YOUR OBJECTIVE - Would you please return the lines of the entries below starting at the line that has "black framed eyeglasses" and ending at the line that has "Word-8x10_01-Genesis-01_988.jpg", both included, exactly as they are?

Stored dataset items -
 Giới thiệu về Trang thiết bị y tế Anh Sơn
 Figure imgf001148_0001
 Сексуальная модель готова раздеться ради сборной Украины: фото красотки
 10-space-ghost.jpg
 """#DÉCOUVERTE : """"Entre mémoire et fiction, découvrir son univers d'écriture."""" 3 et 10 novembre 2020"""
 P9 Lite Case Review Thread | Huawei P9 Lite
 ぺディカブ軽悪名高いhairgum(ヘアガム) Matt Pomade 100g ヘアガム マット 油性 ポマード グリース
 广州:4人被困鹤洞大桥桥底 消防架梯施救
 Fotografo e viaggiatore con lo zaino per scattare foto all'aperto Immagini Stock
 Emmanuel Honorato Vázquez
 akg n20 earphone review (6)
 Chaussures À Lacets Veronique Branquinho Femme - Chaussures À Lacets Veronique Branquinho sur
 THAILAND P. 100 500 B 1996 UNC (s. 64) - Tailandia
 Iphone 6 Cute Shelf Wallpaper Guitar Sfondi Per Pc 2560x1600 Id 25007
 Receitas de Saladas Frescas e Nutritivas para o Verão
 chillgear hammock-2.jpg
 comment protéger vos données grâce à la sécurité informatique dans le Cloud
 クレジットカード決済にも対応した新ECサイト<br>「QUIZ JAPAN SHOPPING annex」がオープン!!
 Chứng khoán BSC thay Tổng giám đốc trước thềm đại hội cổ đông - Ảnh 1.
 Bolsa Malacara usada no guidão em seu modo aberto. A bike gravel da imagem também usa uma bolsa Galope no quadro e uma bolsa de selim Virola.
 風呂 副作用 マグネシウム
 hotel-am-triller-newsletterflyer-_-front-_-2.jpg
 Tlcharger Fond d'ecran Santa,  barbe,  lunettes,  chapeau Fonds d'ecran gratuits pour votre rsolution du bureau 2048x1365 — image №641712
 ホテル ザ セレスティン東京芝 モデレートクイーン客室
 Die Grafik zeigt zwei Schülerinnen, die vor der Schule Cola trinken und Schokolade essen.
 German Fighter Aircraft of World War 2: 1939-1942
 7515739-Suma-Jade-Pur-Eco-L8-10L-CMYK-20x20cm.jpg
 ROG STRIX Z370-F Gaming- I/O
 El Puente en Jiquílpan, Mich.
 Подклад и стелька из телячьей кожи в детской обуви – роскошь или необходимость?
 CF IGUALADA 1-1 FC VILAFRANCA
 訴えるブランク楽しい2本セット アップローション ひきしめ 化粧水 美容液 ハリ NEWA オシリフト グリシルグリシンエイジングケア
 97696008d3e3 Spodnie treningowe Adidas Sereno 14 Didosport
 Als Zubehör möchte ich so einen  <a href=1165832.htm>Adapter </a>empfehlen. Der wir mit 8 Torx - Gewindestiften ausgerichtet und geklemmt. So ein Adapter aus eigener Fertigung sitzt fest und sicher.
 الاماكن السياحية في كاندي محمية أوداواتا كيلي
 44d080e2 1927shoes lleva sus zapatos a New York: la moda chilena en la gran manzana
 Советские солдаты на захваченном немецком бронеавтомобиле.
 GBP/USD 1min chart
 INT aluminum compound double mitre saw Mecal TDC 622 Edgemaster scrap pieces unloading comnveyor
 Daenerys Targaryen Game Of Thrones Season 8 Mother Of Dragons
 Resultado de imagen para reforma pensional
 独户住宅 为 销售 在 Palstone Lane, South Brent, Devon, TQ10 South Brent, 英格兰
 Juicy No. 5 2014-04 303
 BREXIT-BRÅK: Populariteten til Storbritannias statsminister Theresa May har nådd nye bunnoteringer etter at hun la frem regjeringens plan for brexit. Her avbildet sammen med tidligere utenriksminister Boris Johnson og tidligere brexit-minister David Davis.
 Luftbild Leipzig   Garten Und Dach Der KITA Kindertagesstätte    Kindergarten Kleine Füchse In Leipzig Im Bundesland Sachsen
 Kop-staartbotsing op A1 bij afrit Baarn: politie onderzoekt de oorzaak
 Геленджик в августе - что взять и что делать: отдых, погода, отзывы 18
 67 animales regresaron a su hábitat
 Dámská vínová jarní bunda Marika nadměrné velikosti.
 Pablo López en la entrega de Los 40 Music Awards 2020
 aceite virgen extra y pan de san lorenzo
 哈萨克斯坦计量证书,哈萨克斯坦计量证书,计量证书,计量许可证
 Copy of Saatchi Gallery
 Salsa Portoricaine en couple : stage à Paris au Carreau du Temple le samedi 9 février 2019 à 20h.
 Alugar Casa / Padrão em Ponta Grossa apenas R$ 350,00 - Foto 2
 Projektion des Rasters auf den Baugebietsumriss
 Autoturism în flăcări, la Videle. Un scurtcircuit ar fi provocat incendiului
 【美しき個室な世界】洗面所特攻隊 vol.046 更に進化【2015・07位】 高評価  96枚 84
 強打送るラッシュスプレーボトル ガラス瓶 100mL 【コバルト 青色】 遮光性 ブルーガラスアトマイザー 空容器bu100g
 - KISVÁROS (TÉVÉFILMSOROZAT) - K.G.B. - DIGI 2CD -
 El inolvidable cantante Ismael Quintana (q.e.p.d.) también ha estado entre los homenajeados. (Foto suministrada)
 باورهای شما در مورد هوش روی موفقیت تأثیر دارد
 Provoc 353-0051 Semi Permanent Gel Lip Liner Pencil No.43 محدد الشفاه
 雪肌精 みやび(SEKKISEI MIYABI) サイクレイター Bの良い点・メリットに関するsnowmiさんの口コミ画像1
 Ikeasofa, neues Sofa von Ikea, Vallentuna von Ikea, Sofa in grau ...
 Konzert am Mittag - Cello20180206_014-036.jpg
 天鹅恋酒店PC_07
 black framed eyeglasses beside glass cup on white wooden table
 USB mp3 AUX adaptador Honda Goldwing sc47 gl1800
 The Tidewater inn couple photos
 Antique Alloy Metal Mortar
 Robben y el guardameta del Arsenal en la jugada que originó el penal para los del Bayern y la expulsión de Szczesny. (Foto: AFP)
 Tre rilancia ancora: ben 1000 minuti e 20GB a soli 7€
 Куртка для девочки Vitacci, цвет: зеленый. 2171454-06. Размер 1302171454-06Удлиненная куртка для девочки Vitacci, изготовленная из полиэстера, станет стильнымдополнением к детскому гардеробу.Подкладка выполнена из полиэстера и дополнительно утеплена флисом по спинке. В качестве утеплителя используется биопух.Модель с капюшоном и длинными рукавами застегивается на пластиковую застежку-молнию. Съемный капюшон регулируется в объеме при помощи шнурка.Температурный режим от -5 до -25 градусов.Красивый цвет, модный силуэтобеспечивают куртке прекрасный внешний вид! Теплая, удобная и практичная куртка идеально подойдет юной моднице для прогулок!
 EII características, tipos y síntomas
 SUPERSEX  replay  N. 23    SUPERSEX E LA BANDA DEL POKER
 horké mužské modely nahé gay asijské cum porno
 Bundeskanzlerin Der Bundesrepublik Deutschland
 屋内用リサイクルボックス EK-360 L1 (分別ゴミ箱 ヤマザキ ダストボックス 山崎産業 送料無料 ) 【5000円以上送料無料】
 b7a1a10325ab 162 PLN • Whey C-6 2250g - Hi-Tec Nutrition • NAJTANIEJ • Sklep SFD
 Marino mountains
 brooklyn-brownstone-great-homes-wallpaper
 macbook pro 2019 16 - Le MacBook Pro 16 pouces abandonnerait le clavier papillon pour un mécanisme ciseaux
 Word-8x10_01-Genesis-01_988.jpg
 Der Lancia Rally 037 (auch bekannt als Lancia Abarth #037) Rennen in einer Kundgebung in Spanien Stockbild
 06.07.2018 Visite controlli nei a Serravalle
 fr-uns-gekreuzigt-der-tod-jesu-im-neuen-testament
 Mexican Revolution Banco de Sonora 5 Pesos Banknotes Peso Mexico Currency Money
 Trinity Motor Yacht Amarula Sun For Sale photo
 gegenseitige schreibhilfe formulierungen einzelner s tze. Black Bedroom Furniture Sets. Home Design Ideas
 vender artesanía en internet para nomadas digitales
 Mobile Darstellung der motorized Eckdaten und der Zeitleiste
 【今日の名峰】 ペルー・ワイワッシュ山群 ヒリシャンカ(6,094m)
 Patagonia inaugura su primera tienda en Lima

YOUR SOLUTION -
 black framed eyeglasses beside glass cup on white wooden table
 USB mp3 AUX adaptador Honda Goldwing sc47 gl1800
 The Tidewater inn couple photos
 Antique Alloy Metal Mortar
 Robben y el guardameta del Arsenal en la jugada que originó el penal para los del Bayern y la expulsión de Szczesny. (Foto: AFP)
 Tre rilancia ancora: ben 1000 minuti e 20GB a soli 7€
 Куртка для девочки Vitacci, цвет: зеленый. 2171454-06. Размер 1302171454-06Удлиненная куртка для девочки Vitacci, изготовленная из полиэстера, станет стильнымдополнением к детскому гардеробу.Подкладка выполнена из полиэстера и дополнительно утеплена флисом по спинке. В качестве утеплителя используется биопух.Модель с капюшоном и длинными рукавами застегивается на пластиковую застежку-молнию. Съемный капюшон регулируется в объеме при помощи шнурка.Температурный режим от -5 до -25 градусов.Красивый цвет, модный силуэтобеспечивают куртке прекрасный внешний вид! Теплая, удобная и практичная куртка идеально подойдет юной моднице для прогулок!
 EII características, tipos y síntomas
 SUPERSEX  replay  N. 23    SUPERSEX E LA BANDA DEL POKER
 horké mužské modely nahé gay asijské cum porno
 Bundeskanzlerin Der Bundesrepublik Deutschland
 屋内用リサイクルボックス EK-360 L1 (分別ゴミ箱 ヤマザキ ダストボックス 山崎産業 送料無料 ) 【5000円以上送料無料】
 b7a1a10325ab 162 PLN • Whey C-6 2250g - Hi-Tec Nutrition • NAJTANIEJ • Sklep SFD
 Marino mountains
 brooklyn-brownstone-great-homes-wallpaper
 macbook pro 2019 16 - Le MacBook Pro 16 pouces abandonnerait le clavier papillon pour un mécanisme ciseaux
 Word-8x10_01-Genesis-01_988.jpg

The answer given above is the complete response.